• [ASSIGNED TASK] Reproduce, exactly and in full, the lines from the one with "Peaceful Day on the Lake - Fine Art Painting" through the one with "Into the Woods" in the data below; drop pictures.

• [AVAILABLE DATA]
-.-.-

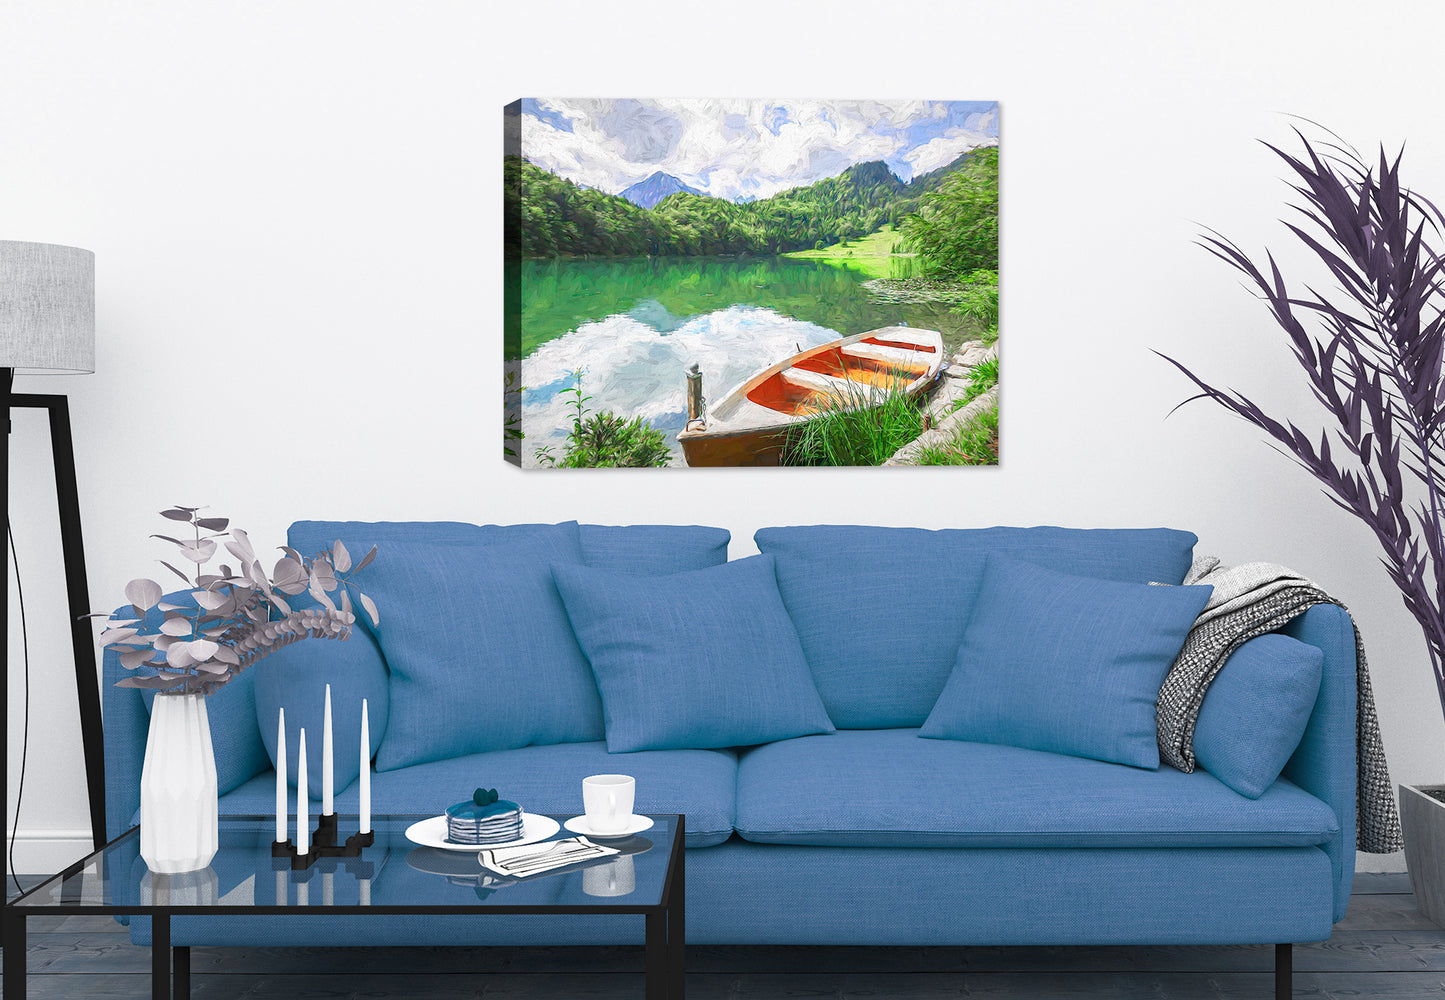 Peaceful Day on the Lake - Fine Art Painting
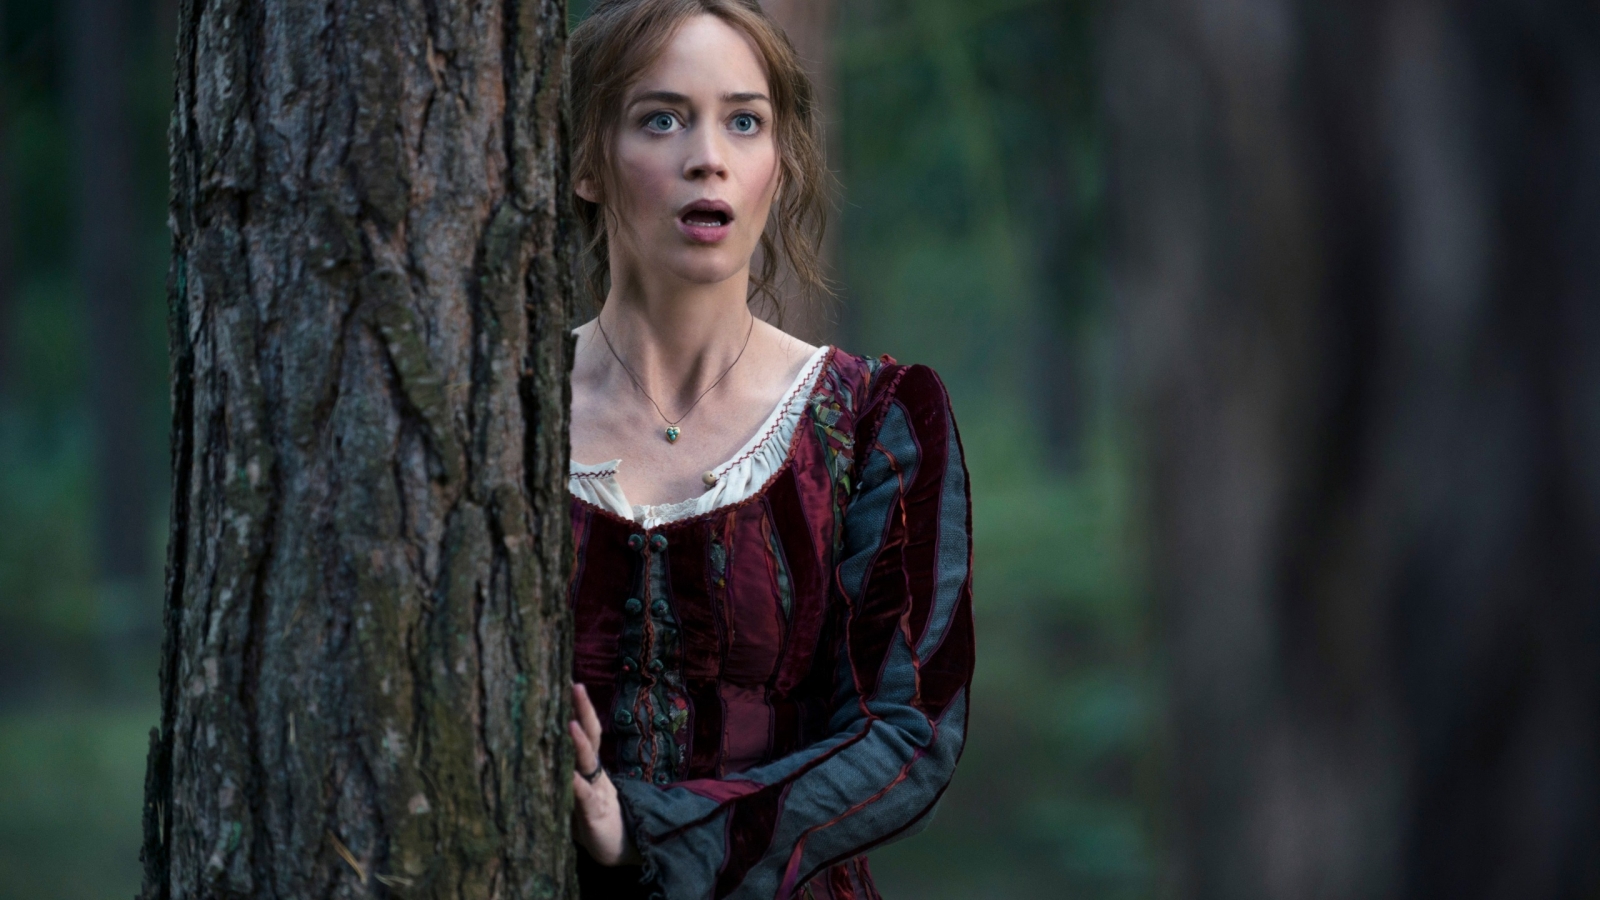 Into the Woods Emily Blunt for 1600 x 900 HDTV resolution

-.-.-

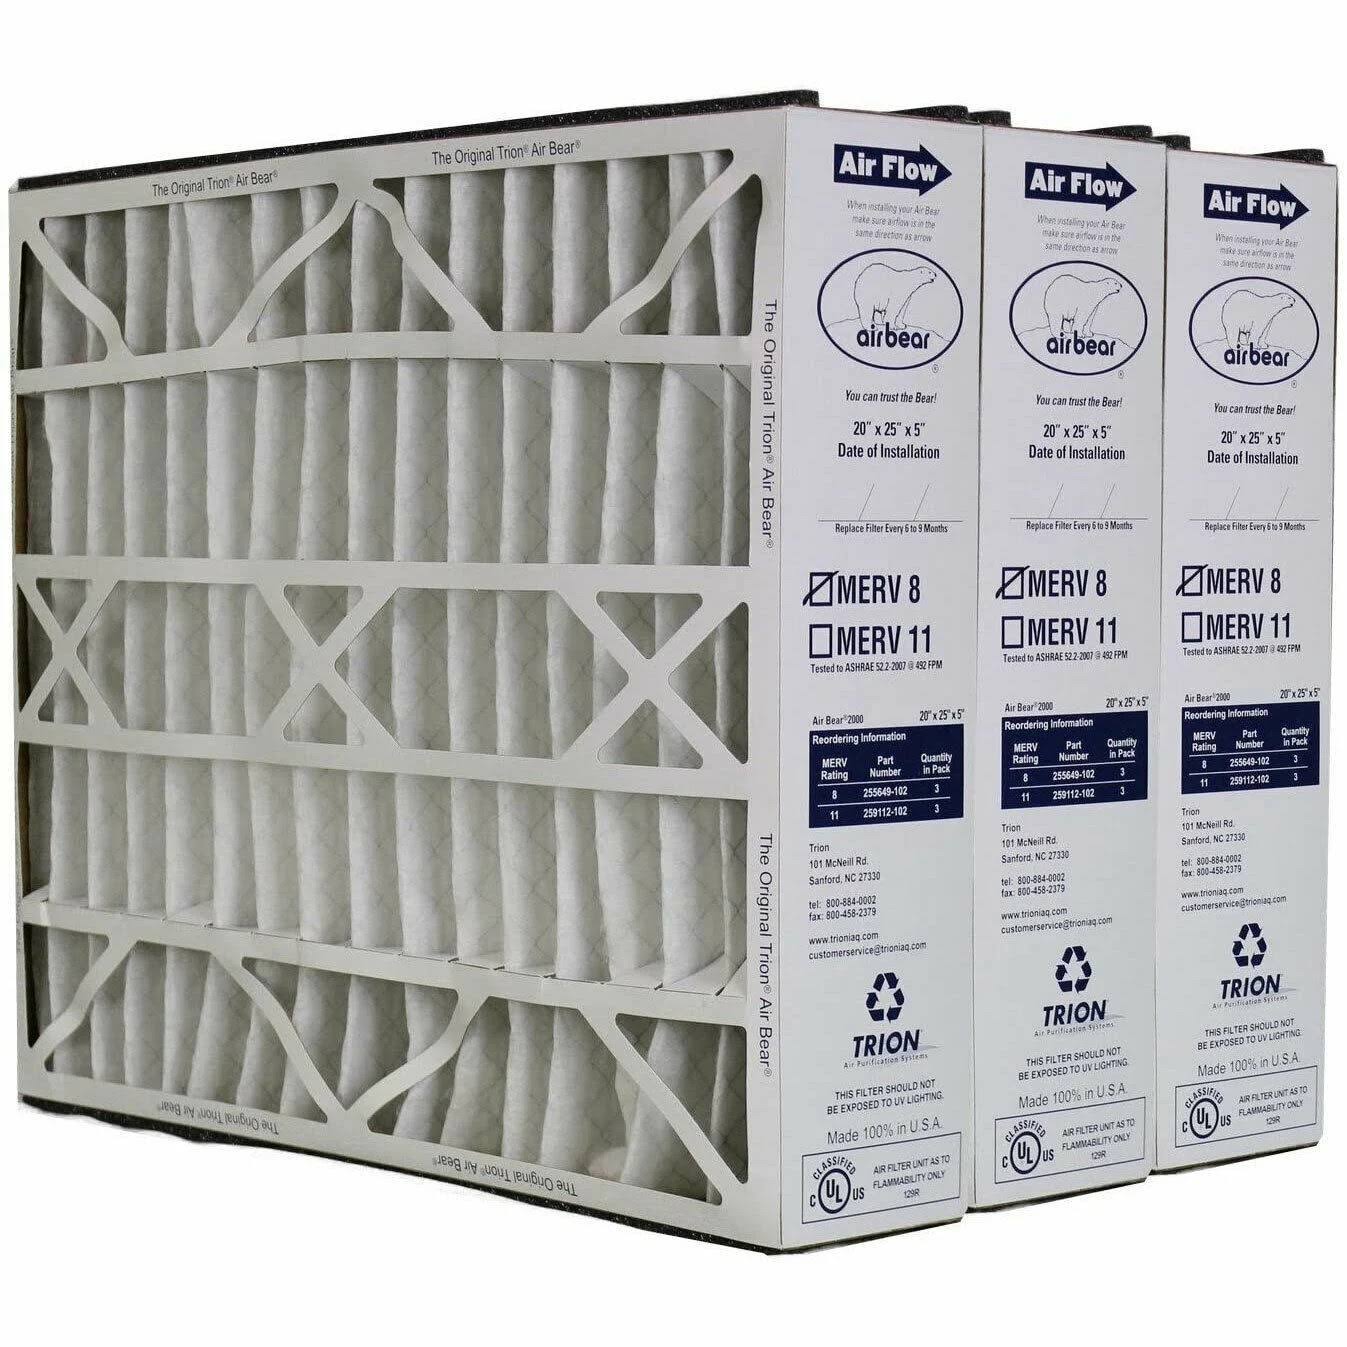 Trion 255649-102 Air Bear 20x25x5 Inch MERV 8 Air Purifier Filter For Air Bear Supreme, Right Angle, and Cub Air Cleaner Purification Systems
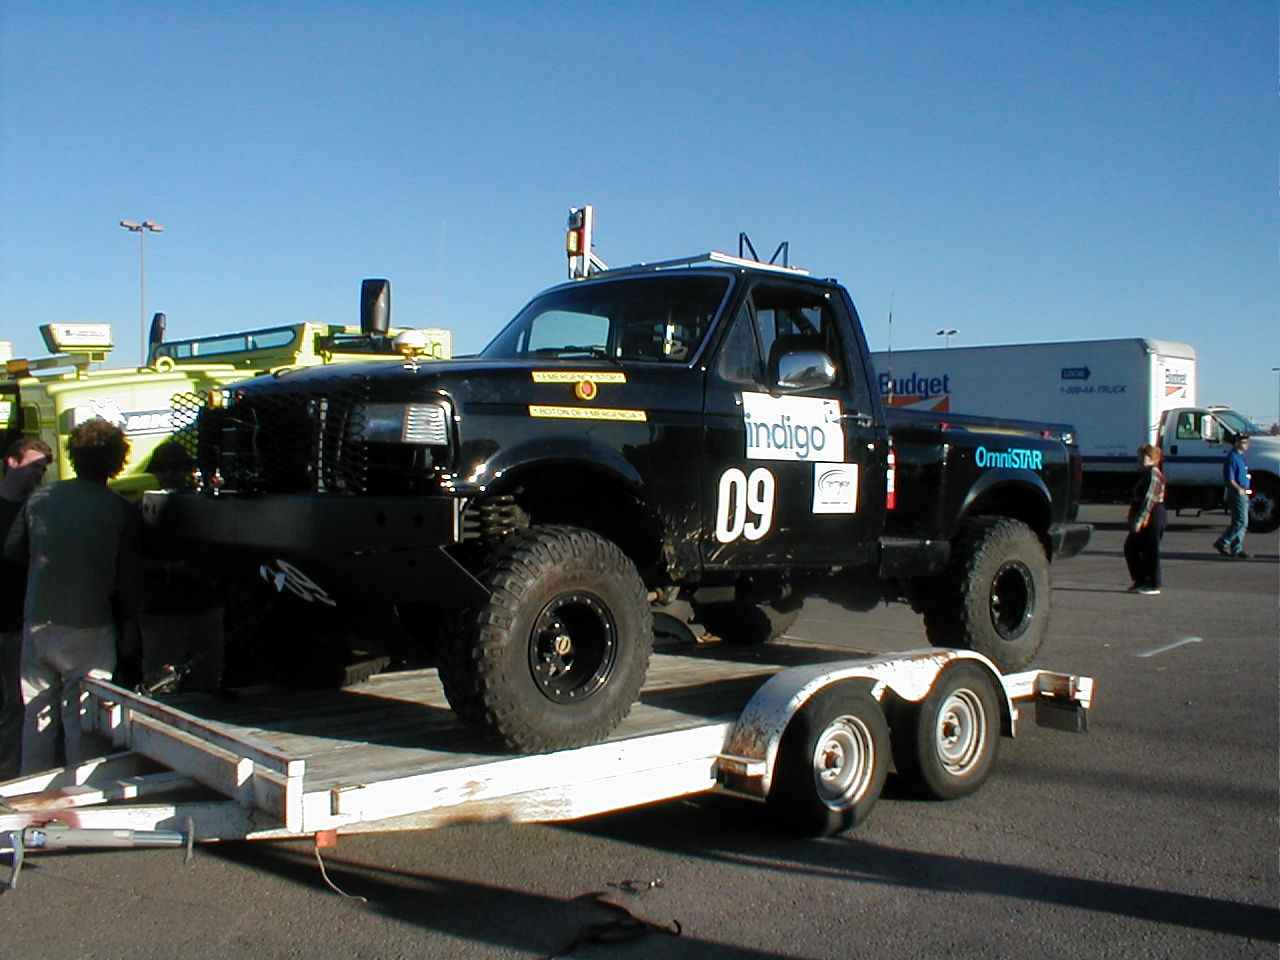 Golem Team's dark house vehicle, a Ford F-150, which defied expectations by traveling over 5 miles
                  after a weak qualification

-.-.-

• [TASK OUTPUT]
 Peaceful Day on the Lake - Fine Art Painting
 Into the Woods Emily Blunt for 1600 x 900 HDTV resolution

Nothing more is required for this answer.